Well, it's going to need to rewrite functions to add debug due to not having edit capabilities, but I tried this and it absolutely added debug info which it then used to debug issues:
I don't know quite what's happening but I feel like people constantly say it can't do something and the very first thing I try (just asking it to do the thing) usually works.
I gave it the hands in the problem statement and the expected result, and the explanation as to why (copy pasted). It ran the code, looked at the debug output, identified the problem and rewrote the function. I'm not saying it immediately solved the problem, but it easily added debug information, ran the code, looked at the output and interpreted it.
Same. I have pre-defined "comments", "error handling", "unit tests" and more, and I get it all. Plus if I target an area and ask for revision, i get just that... Tech perps both miss understand "AI" and think they have mastered it by default.

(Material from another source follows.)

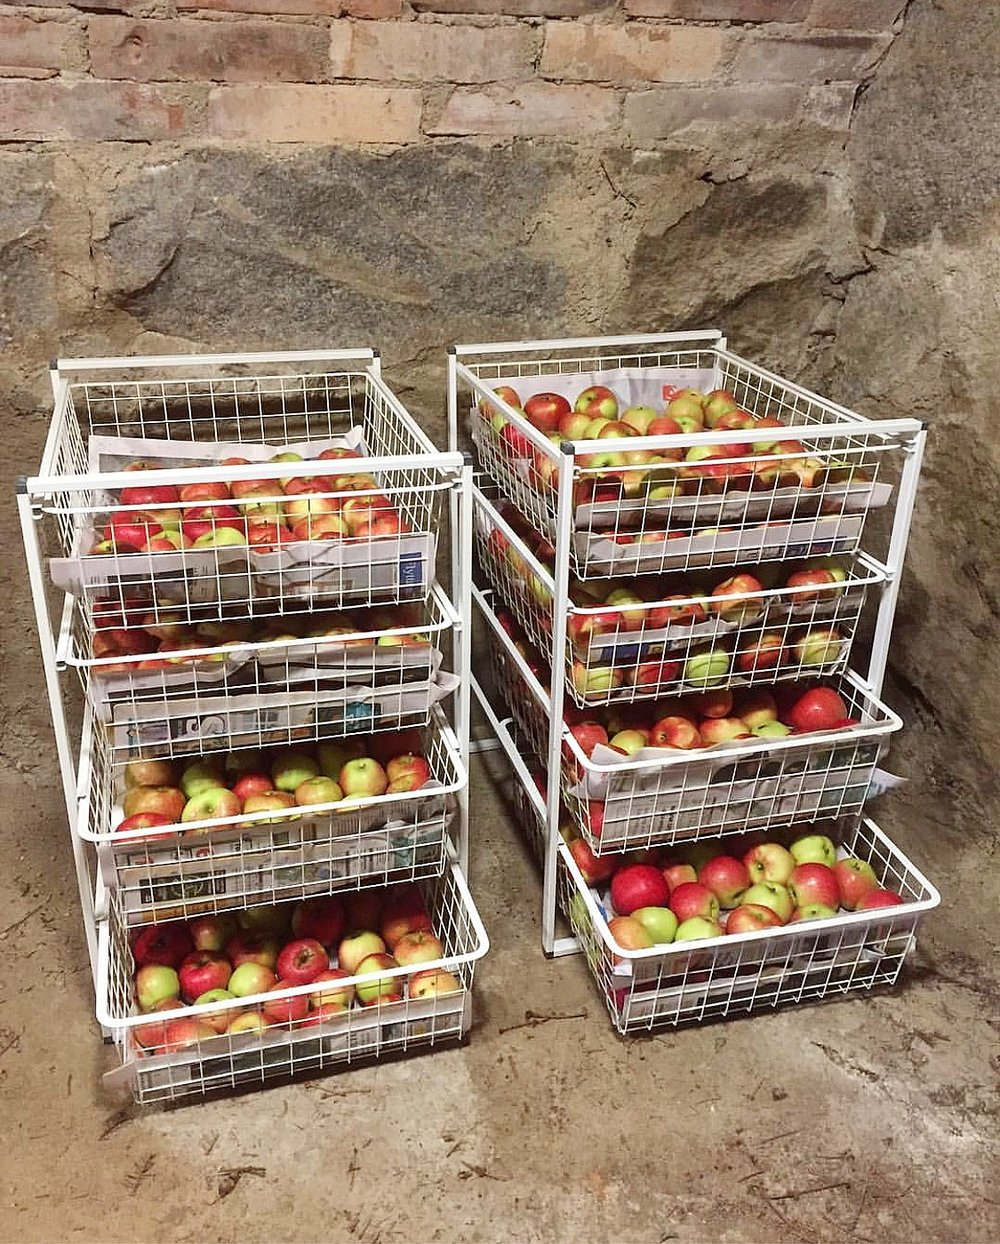 Smart förvaring av äpplen i trådbackar. Av  @eberving
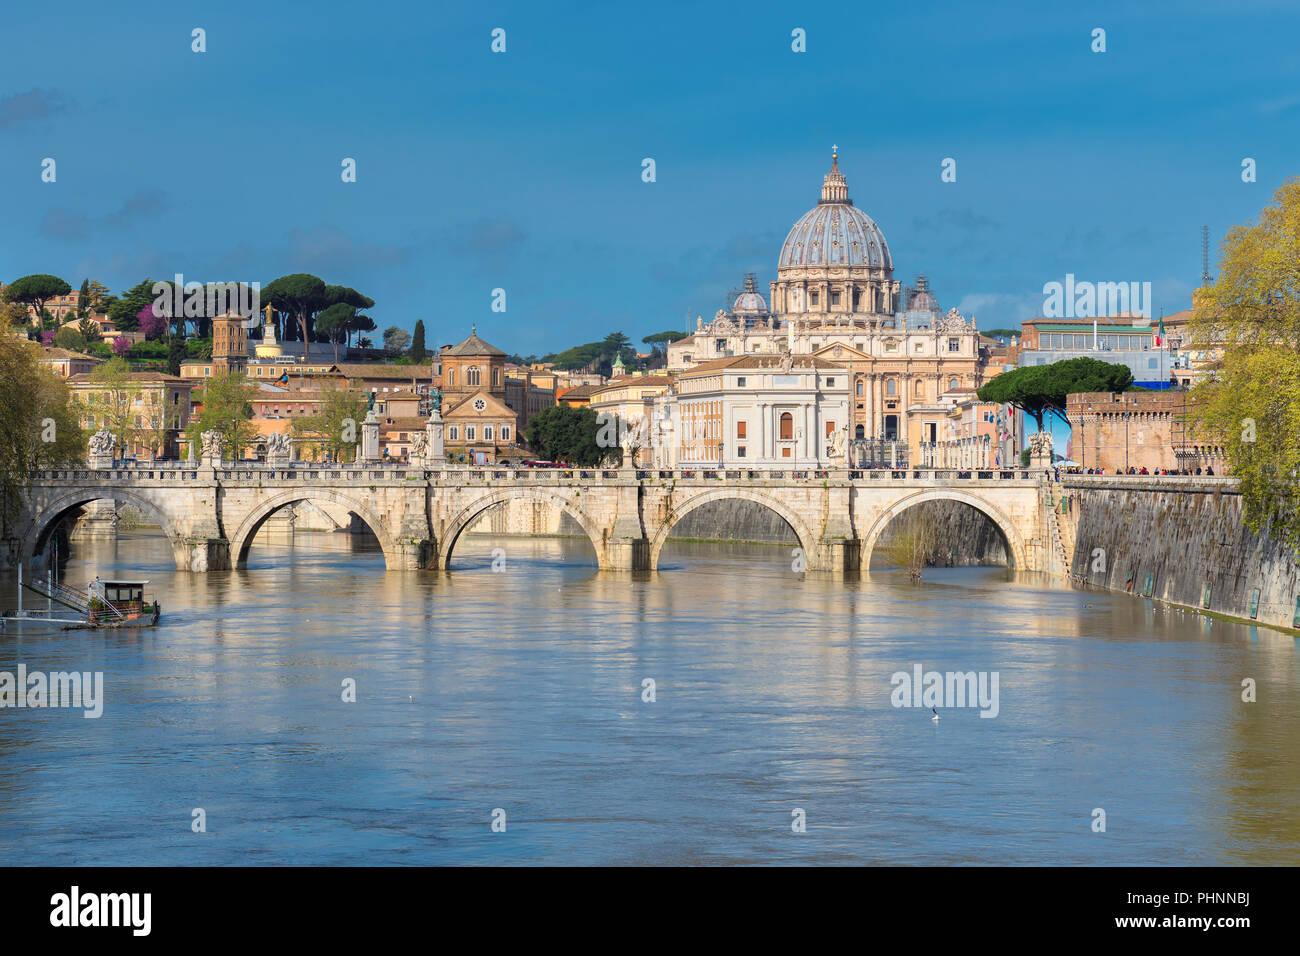 Bellissima vista della Basilica di San Pietro con ponte in Vaticano, Roma, Italia. Immagini Stock

taking HN comments that claim ChatGPT can't do a thing, pasting them into ChatGPT, and then linking the reply where it does the thing, usually doesn't get me any points, in case someone wants to build a bot that does that for points.
Of the few I attempted this year I actually used ChatGPT to help me decipher just what the hell the waffling, rambling, windy, unclear, and ultimately superfluous challenge requirements were.
I didn’t have the solutions generated by ChatGPT to be clear, I used a prompt along the lines of “take this text and extract it’s requirements and generate bullet points, also make the example inputs and outputs clear”.
I did the same for the previous year too, when ChatGPT hadn’t been out for long.
I find that a lot more enjoyable and less tedious.
While not all people appear to appreciate your comment then I can relate to it. Not everyone enjoys this kind of story and world building and would like to get to the point already.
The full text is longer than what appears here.